# Arm/Bicep mount for GoPro?



## PalmerFreak

So I'm thinking about getting a GoPro and I don't wear a helmet so I'll need an alternate mounting option. The chest mount won't work (POV will be wrong) and I don't like the head strap option. 

I looked for something that would attach to my arm/bicep (on my down-hill arm - I don't ride switch) but couldn't find anything outside of a homemade version that a guy made on YouTube.


----------



## LA Forever

GoPro makes a wrist mount that might suit your liking. 










I personally use a mono-pod called the X-Shot.


----------



## Argo

PalmerFreak said:


> So I'm thinking about getting a GoPro and I don't wear a helmet so I'll need an alternate mounting option. The chest mount won't work (POV will be wrong) and I don't like the head strap option.
> 
> I looked for something that would attach to my arm/bicep (on my down-hill arm - I don't ride switch) but couldn't find anything outside of a homemade version that a guy made on YouTube.



Not the point of your post but... I fucking hate gopro now.

I have a drift hd, drift ghost and a gopro 3 black edition. Nothing but trouble every time I have used the gopro. Drift has been awesome, turned it on out of the box and haven't had a single issue..... The drift also came with a velcro strap, probably for strapping to a helmet through the holes, and it works well to strap around the arm or leg......


----------



## LA Forever

Argo said:


> Nothing but trouble every time I have used the gopro.


I have heard so many people having problems with the Hero3. My Hero2 has been nothing but good to me. Glad I didn't upgrade...


----------



## Argo

LA Forever said:


> I have heard so many people having problems with the Hero3. My Hero2 has been nothing but good to me. Glad I didn't upgrade...

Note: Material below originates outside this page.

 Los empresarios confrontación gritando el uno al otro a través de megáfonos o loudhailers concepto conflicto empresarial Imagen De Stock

When it actually takes video, the quality is great.... Same as the ghost..... The issues make the thing suck...... I'll never buy one, I didn't buy this one.... Son got it as part of a prize for winning a competition.... Should have followed my instinct and sold it in the box.


----------



## YeahMan

Originally bought my Hero 2 a few years back to get some footage riding our ATV's, didn't attempt to use it on the snowboard much because im not a fan of the angles. An arm mount could be awesome if executed properly. Your best bet is probably to fashion something yourself. I'm thinking of those leashes you use for surfing, get one of this to strap around your arm and attach the go pro using an adhesive mount on the strap :icon_scratch: :dunno:?


----------



## tokyo_dom

I know everyone loves GoPro, and they are the most popular sports camera out there, but when i borrowed my friend's hero3 black it struck me that it isnt all that great for action sports like snowboarding. Cant even be mounted without putting it in a bulky case (without which it is also not waterproof nor all that shockproof). Mount it on your helmet and look like a teletubby, or face the problems the OP is having.

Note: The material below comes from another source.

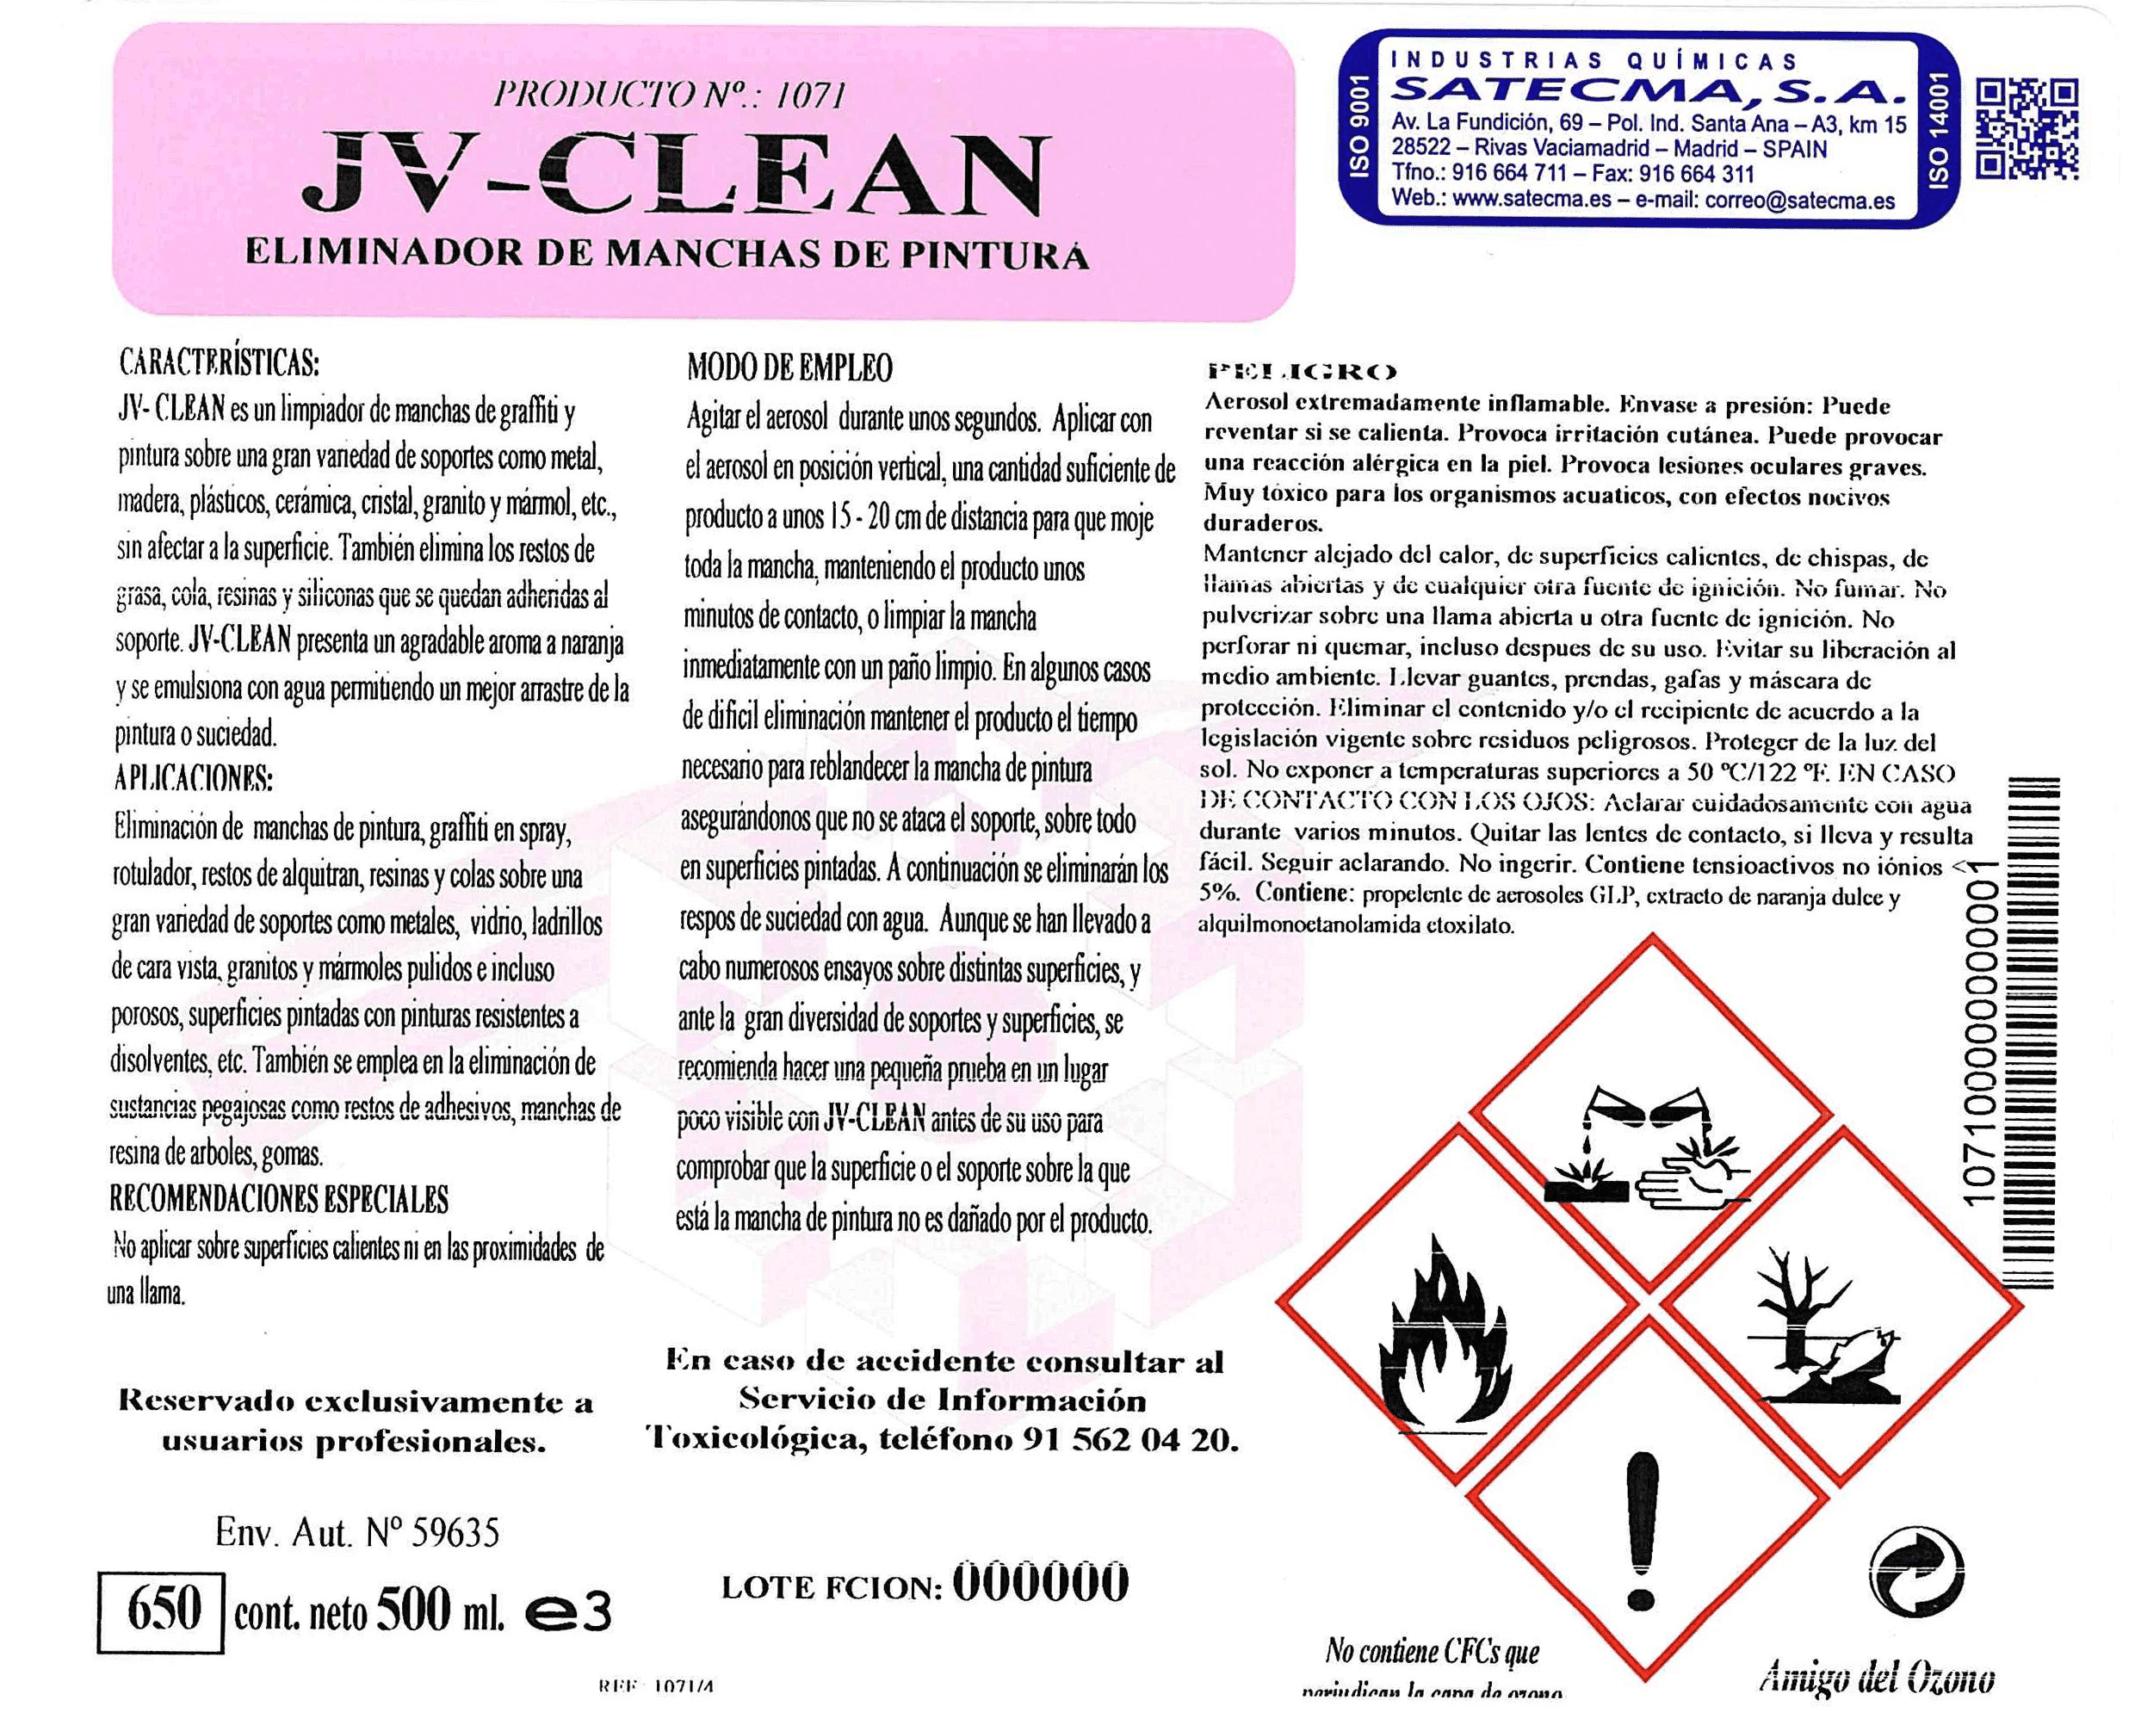 limpiador manchas pintura

I am still looking for which camera to get, but it will either be a contour roam (which has this solution that would suit the OP: "Contour" Goggle Strap Mount | Contour), or the JVC Adixxion, which can also be mounted to a goggle strap plus has a builtin screen. Battery isnt so great i hear, but can be solved with spares

So for the OP, perhaps look at some of the other options out there, which might suit your usage better


----------



## PalmerFreak

Thanks for all of the input - I'll definitely look into the Drift products.


----------



## pdxrealtor

I got a Go Pro for Christmas and faced the same issues as you. 

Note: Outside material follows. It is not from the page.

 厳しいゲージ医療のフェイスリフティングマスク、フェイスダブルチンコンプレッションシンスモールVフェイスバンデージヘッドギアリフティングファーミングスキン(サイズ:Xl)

I did not want to mount on my helmet and searched high and low for other options. The best I came up with was an upper thigh or waist mount with cam pointing at nose of board when static. 

This, I think, would be the best mount a side from your helmet or a pole.


----------



## PalmerFreak

Argo said:


> Not the point of your post but... I fucking hate gopro now.
> 
> I have a drift hd, drift ghost and a gopro 3 black edition. Nothing but trouble every time I have used the gopro. Drift has been awesome, turned it on out of the box and haven't had a single issue..... The drift also came with a velcro strap, probably for strapping to a helmet through the holes, and it works well to strap around the arm or leg......


Is the Drift Ghost worth the extra bones over the Drift HD?


----------



## Donutz

PalmerFreak said:


> Is the Drift Ghost worth the extra bones over the Drift HD?


I believe it is. I have an HD (bought it cheap) and I'm asking for a Ghost for a birthday present. The remote on the ghost has an LED to indicate when it's recording. The on/off beeps (which is all you get on the HD) are almost inaudible with a helmet on. Also, the ghost has a larger screen (2" sq vs 1.5" sq) and some other features that I really like, like a continuous taping loop that you can "save" at any point to get the last 5 minutes of action.


----------



## Argo

PalmerFreak said:


> Is the Drift Ghost worth the extra bones over the Drift HD?


Definitely.


----------



## Karasene

never heard of a drift.. :dunno: deff should have gotten myself a sport cam a long time ago. I was thinking of looking at the Ion too..


----------



## Giannis

I have the Drift HD. The feature I miss the most from the Ghost is the on/off button on the remote, so I don't have to remove my glove to turn it on. The on/off beeps are loud enough for me. There hasn't been a time I didn't hear them, no matter how loud the background was.


----------



## PalmerFreak

Thanks for the Ghost - HD comparison. 

That's a great avatar Giannis...... :thumbsup:


----------



## Giannis

Thanks


----------